My parents usually lingered after the meal, nursing cups of coffee while I played with the beads of condensation on my glass of ice water, tasted Tabasco sauce, or twisted pieces of my paper napkin into mangled animals. One evening, annoyed with my restlessness, my father gave me a dime and asked me to buy him a
Herald Examiner
from the vending machine in front of the restaurant.

Shouldering open the heavy glass door, I was seared by a sudden gust of heat. Traffic roared past me and stirred the air. Walking toward the newspaper machine, I held the dime so tightly, it seemed to melt in my palm. Duty made me feel large and important. I inserted the dime and opened the box, yanking a
Herald
from the spring contraption that held it as tight as a mousetrap. When I turned around, paper in hand, I saw two women walking toward me.

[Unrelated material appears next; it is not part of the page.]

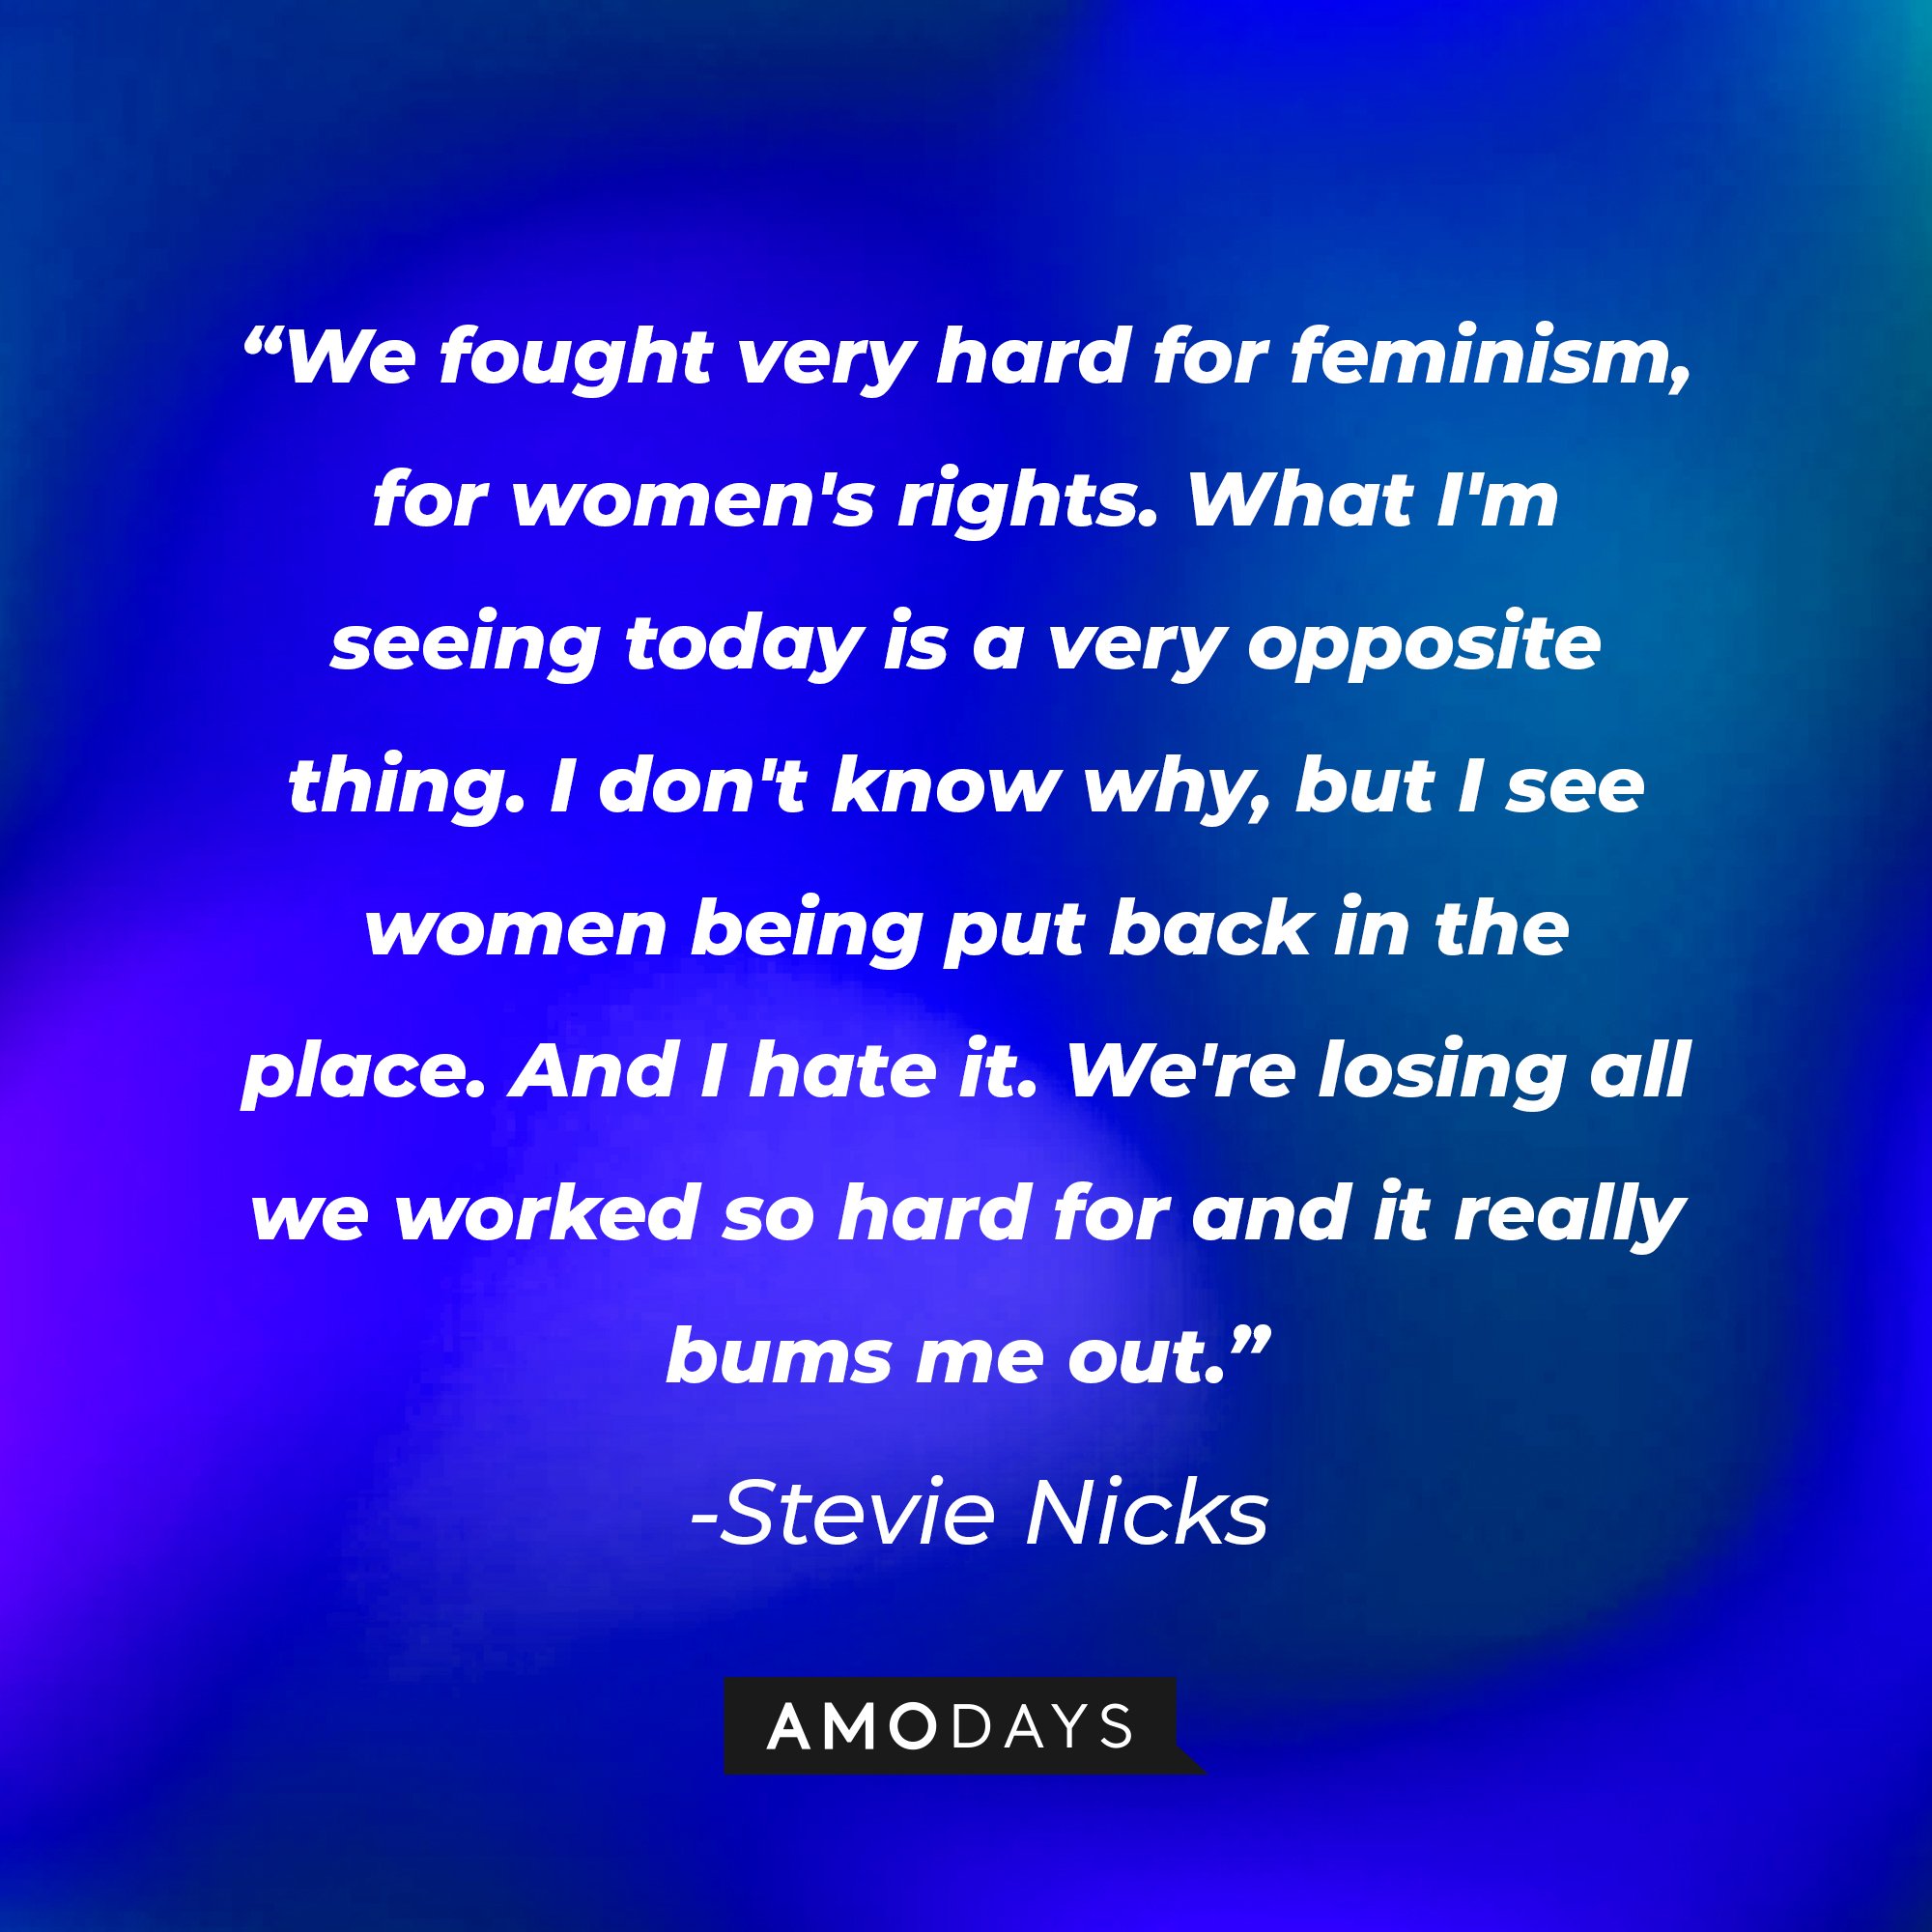 Stevie Nicks's quote: "We fought very hard for feminism, for women's rights. What I'm seeing today is a very opposite thing. I don't know why, but I see women being put back in the place. And I hate it. We're losing all we worked so hard for and it really bums me out." | Image: AmoDays

Their high heels clicked on the sun-baked pavement. They were tall, broad-shouldered women who moved with a mixture of haste and defiance. They’d teased their hair into nearly identical black beehives. Dangling earrings flashed in the sun, as brilliant as prisms. Each of them wore the kind of clinging, strapless outfit my mother referred to as a cocktail dress. The silky fabric — one dress was purple, the other pink — accentuated their breasts and hips and rippled with insolent highlights. The dresses exposed their bare arms, the slope of their shoulders, and the smooth, powdered plane of flesh where their cleavage began.

I owned at the time a book called
Things for Boys and Girls to Do
. There were pages to color, intricate mazes, and connect-the-dots. But another type of puzzle came to mind as I watched those women walking toward me: What’s Wrong with This Picture? Say the drawing of a dining room looked normal at first glance; on closer inspection, a chair was missing its leg and the man who sat atop it wore half a pair of glasses.

The women had Adam’s apples.

The closer they came, the shallower my breathing. I blocked the sidewalk, an incredulous child stalled in their path. When they saw me staring, they shifted their purses and linked their arms. There was something sisterly and conspirational about their sudden closeness. Though their mouths didn’t open, I thought they might have been communicating without moving their lips, so telepathic did they seem as they joined arms and pressed together, synchronizing their heavy steps. The pages of the
Herald
fluttered in the wind; I felt them against my arm, as light as batted lashes.